MATERIALS PROVIDED:
BEGIN
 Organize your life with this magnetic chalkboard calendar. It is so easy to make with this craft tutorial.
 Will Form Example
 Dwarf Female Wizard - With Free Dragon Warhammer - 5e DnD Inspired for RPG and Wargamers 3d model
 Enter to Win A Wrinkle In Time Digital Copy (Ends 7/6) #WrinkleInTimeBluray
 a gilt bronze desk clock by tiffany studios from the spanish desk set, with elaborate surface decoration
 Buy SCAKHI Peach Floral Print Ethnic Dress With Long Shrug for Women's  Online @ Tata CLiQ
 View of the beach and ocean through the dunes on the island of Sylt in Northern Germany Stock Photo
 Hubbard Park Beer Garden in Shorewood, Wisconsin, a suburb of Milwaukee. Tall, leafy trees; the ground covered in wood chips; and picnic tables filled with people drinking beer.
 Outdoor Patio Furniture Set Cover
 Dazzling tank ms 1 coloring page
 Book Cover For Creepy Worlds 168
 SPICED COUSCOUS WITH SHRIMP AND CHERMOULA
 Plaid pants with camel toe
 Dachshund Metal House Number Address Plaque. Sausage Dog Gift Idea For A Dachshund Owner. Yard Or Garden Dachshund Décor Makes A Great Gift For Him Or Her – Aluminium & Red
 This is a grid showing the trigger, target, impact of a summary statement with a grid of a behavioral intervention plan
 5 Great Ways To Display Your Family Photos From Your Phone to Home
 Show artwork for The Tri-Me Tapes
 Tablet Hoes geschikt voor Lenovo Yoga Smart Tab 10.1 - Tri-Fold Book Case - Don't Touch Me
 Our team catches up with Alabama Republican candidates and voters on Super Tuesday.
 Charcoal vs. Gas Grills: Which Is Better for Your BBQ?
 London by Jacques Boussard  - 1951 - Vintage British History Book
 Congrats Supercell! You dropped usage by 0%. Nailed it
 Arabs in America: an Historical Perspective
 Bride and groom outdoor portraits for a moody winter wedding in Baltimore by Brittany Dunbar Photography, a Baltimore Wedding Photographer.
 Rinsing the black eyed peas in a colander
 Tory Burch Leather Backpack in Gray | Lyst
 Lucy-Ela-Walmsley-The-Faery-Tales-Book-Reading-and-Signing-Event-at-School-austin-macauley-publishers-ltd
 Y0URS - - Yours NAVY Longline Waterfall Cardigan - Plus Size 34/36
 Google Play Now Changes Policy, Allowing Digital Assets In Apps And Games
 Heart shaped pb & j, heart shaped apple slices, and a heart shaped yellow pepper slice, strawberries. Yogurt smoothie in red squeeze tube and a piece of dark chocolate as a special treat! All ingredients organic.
END
Create a word-for-word copy of the whole listing.

 Organize your life with this magnetic chalkboard calendar. It is so easy to make with this craft tutorial.
 Will Form Example
 Dwarf Female Wizard - With Free Dragon Warhammer - 5e DnD Inspired for RPG and Wargamers 3d model
 Enter to Win A Wrinkle In Time Digital Copy (Ends 7/6) #WrinkleInTimeBluray
 a gilt bronze desk clock by tiffany studios from the spanish desk set, with elaborate surface decoration
 Buy SCAKHI Peach Floral Print Ethnic Dress With Long Shrug for Women's  Online @ Tata CLiQ
 View of the beach and ocean through the dunes on the island of Sylt in Northern Germany Stock Photo
 Hubbard Park Beer Garden in Shorewood, Wisconsin, a suburb of Milwaukee. Tall, leafy trees; the ground covered in wood chips; and picnic tables filled with people drinking beer.
 Outdoor Patio Furniture Set Cover
 Dazzling tank ms 1 coloring page
 Book Cover For Creepy Worlds 168
 SPICED COUSCOUS WITH SHRIMP AND CHERMOULA
 Plaid pants with camel toe
 Dachshund Metal House Number Address Plaque. Sausage Dog Gift Idea For A Dachshund Owner. Yard Or Garden Dachshund Décor Makes A Great Gift For Him Or Her – Aluminium & Red
 This is a grid showing the trigger, target, impact of a summary statement with a grid of a behavioral intervention plan
 5 Great Ways To Display Your Family Photos From Your Phone to Home
 Show artwork for The Tri-Me Tapes
 Tablet Hoes geschikt voor Lenovo Yoga Smart Tab 10.1 - Tri-Fold Book Case - Don't Touch Me
 Our team catches up with Alabama Republican candidates and voters on Super Tuesday.
 Charcoal vs. Gas Grills: Which Is Better for Your BBQ?
 London by Jacques Boussard  - 1951 - Vintage British History Book
 Congrats Supercell! You dropped usage by 0%. Nailed it
 Arabs in America: an Historical Perspective
 Bride and groom outdoor portraits for a moody winter wedding in Baltimore by Brittany Dunbar Photography, a Baltimore Wedding Photographer.
 Rinsing the black eyed peas in a colander
 Tory Burch Leather Backpack in Gray | Lyst
 Lucy-Ela-Walmsley-The-Faery-Tales-Book-Reading-and-Signing-Event-at-School-austin-macauley-publishers-ltd
 Y0URS - - Yours NAVY Longline Waterfall Cardigan - Plus Size 34/36
 Google Play Now Changes Policy, Allowing Digital Assets In Apps And Games
 Heart shaped pb & j, heart shaped apple slices, and a heart shaped yellow pepper slice, strawberries. Yogurt smoothie in red squeeze tube and a piece of dark chocolate as a special treat! All ingredients organic.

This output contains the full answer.